Is irrationality a bad thing? That depends in part on how you define rationality. For the purpose of this post, I will limit myself to a definition which relates to process. A rational decision, according to this definition, is one reached on the basis of evidence rather than faith or emotion, and one for which the evidence has been weighed against several hypotheses to determine which best fits it. This is called ‘analytical reasoning’, and it is the sort of rational decision making which is taught in business schools and military academies – don’t prejudge the answer, collect as much evidence as possible, compare it objectively to several possible courses of action, analyze the costs and benefits of each course, and then pick the option which has the best cost-benefit ratio.
The reason for teaching businessmen and military officers to reason in this way is that it supposedly leads to the best results. It seems obvious that it should: after all, a better informed, properly reasoned plan of action should be better than a snap judgement. In his 1989 book Crucial Decisions: Leadership in Policymaking and Crisis Management Irving L. Janis argued that when political leaders use analytical decision making, they make better decisions. For instance, the Bay of Pigs fiasco in 1961 was a product of poor decision making processes in the American government, with President Kennedy failing to consult widely, consider alternatives, or analyze the likely outcome of his plan. By contrast, Kennedy succeeded in navigating the Cuban Missile Crisis precisely because he did use analytical reasoning.
Not everyone agrees with Janis, however. In class this week, we shall discuss Gary Klein’s 2011 book Streetlights and Shadows: Searching for the Keys to Adaptive Decision Making. Klein points out that experts rarely use analytical decision making. While data is important in making good decisions, the expert only needs a limited amount. Research suggests that anything beyond that actually undermines decision making. Horse racing experts, for instance, make better decisions about which horse will win a race if they have just four or five pieces of data about the horse and the race conditions than if they have many more. Also, good decision makers don’t actually consider lots of alternative courses of action. Generally, they consider only one or two. They follow not their reason but their ‘gut’, an instinct based on experience. The experienced fire fighter or pilot, facing a crisis, can act immediately and decisively, reasoning not analytically according to the model above but through analogy with his previous experience. Analytical reasoning, says Klein, has its place, but generally it isn’t the best way of doing things.

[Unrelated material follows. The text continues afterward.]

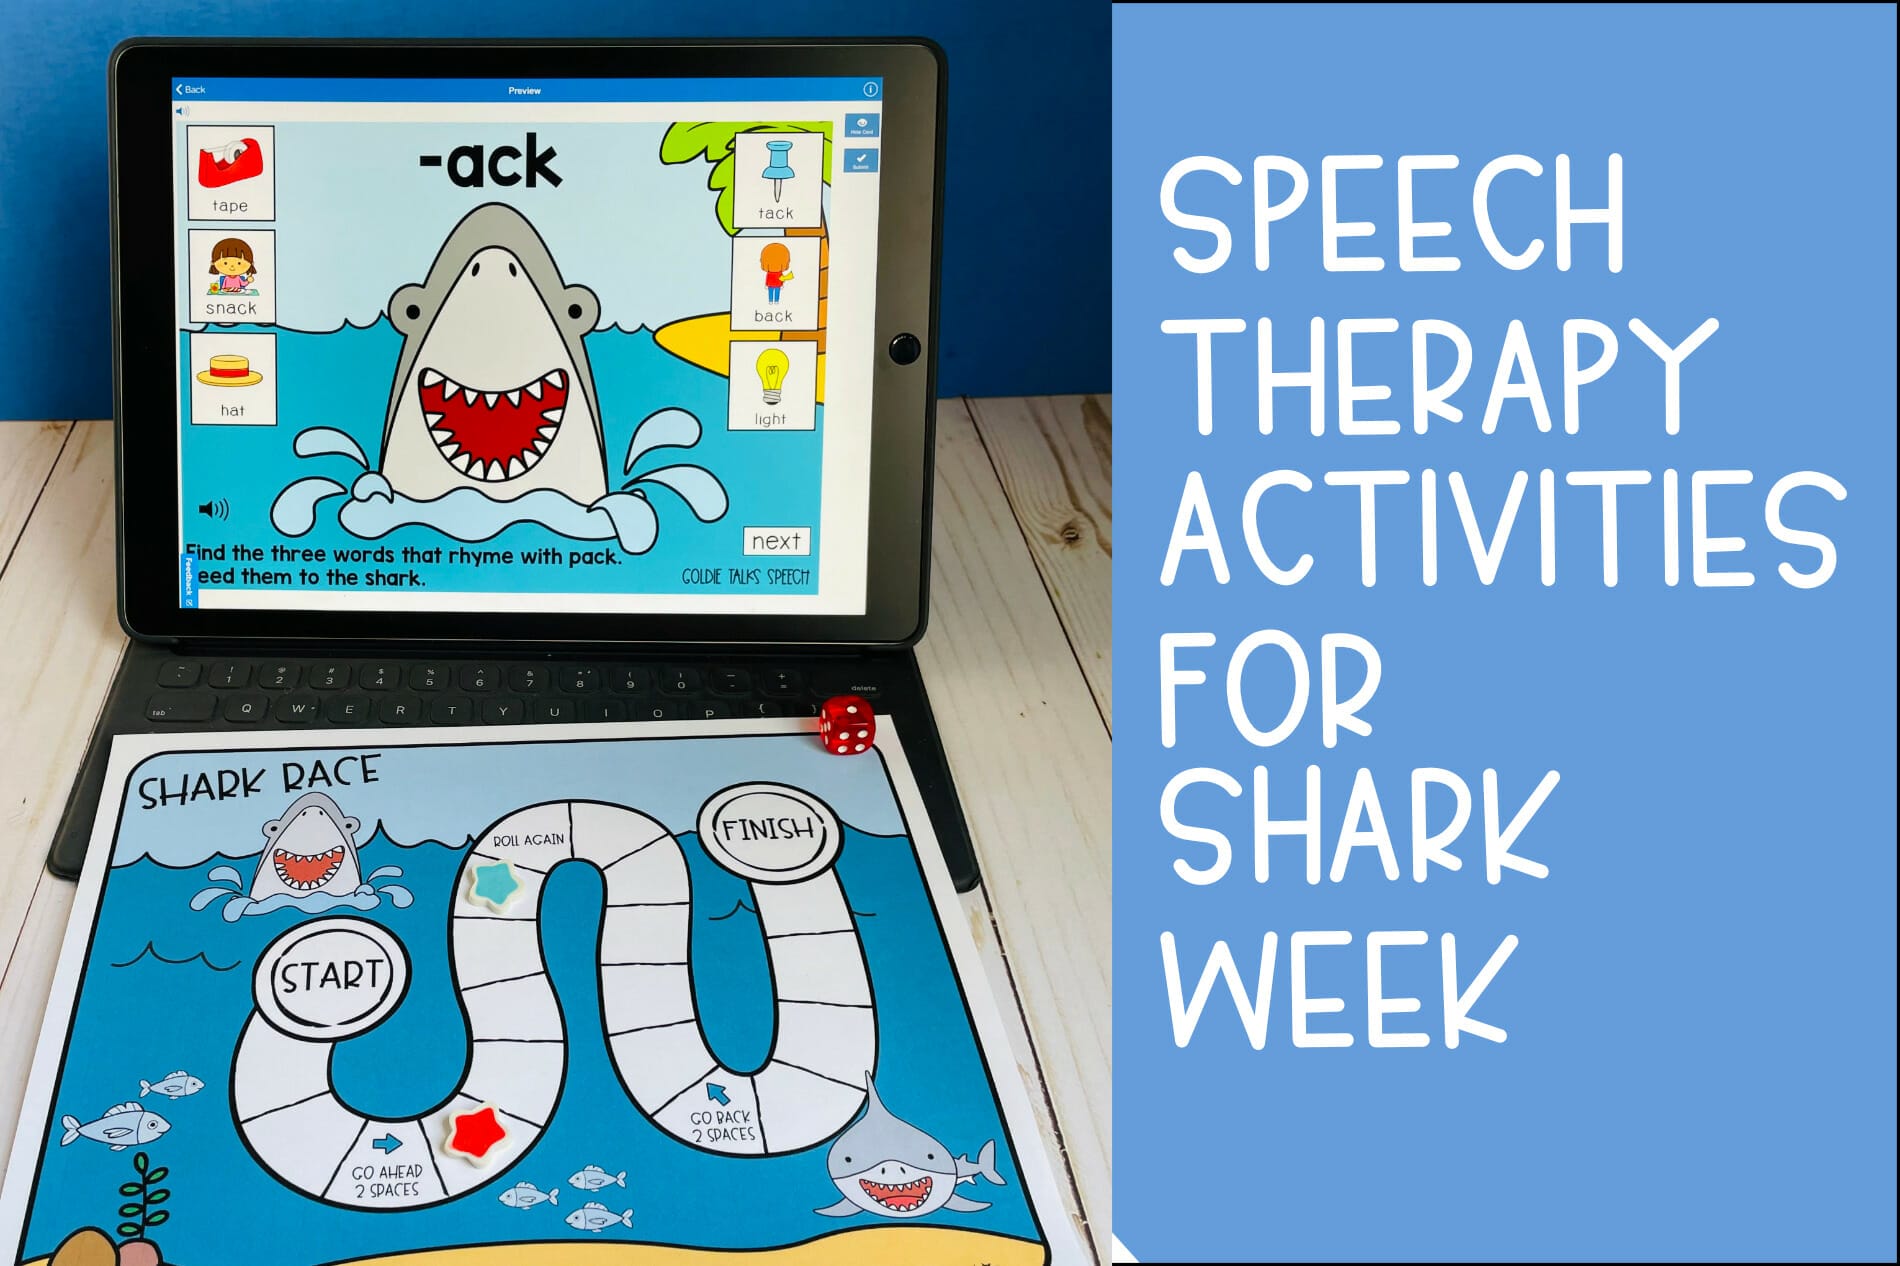 Play Word Shark Parts of Speech Free Language Arts Game for Kids

Is Janis or Klein right? It depends. The fire fighter encounters fires on a regular basis. He acquires enormous experience in a relatively predictable environment. He has numerous examples to compare to the one he is currently encountering. He also, quite probably, doesn’t have the time to engage in analytical decision making. Relying on his ‘gut’ may well be the best way to go.
That does not mean, however, that the same is true at the political level. Take, for instance, a finance minister tackling an economic recession: how many previous recessions has he experienced as finance minister? Given that these come around only once a decade or so, probably none. He doesn’t have the experience to rely on ‘gut’. Moreover, economics is a lot more complex than fire: one recession is not necessarily at all like another.
Now, take things to the level of international affairs. Some more routine matters, such as international trade, may resemble each other sufficiently for a politician to gain real experience in them, but such matters tend to be extremely technical and not easily subject to instinct. Meanwhile, serious international crises are never the same twice. How much experience do Western politicians have which is relevant to dealing with the crisis in Ukraine? Not a lot – there haven’t been any cases similar to the Russian takeover of Crimea, and none of the current Western leaders were in power the last time there was a war in Europe (twenty years ago in the Balkans). Lacking experience of their own to refer to, politicians who fail to engage in analytical reasoning have to fall back on historical analogy. Modern Russia is thus the Russian Empire or the Soviet Union; Putin is Stalin or Hitler, etc. The problem is not only that these analogies are faulty, but that policies based upon them fail to take into account the actual circumstances of the present day. The result is policies which fail to achieve their stated aims.
In short, politics isn’t fire fighting, and politicians are not fire fighters. Politicians simply aren’t experts in the way that other professionals are, or at least their expertise is in politics and not in making decisions on specific issues. Their decision making instincts are not reliable in the way those of other professionals may be. I remain unconvinced, therefore, that relying on those instincts is better than relying on reason.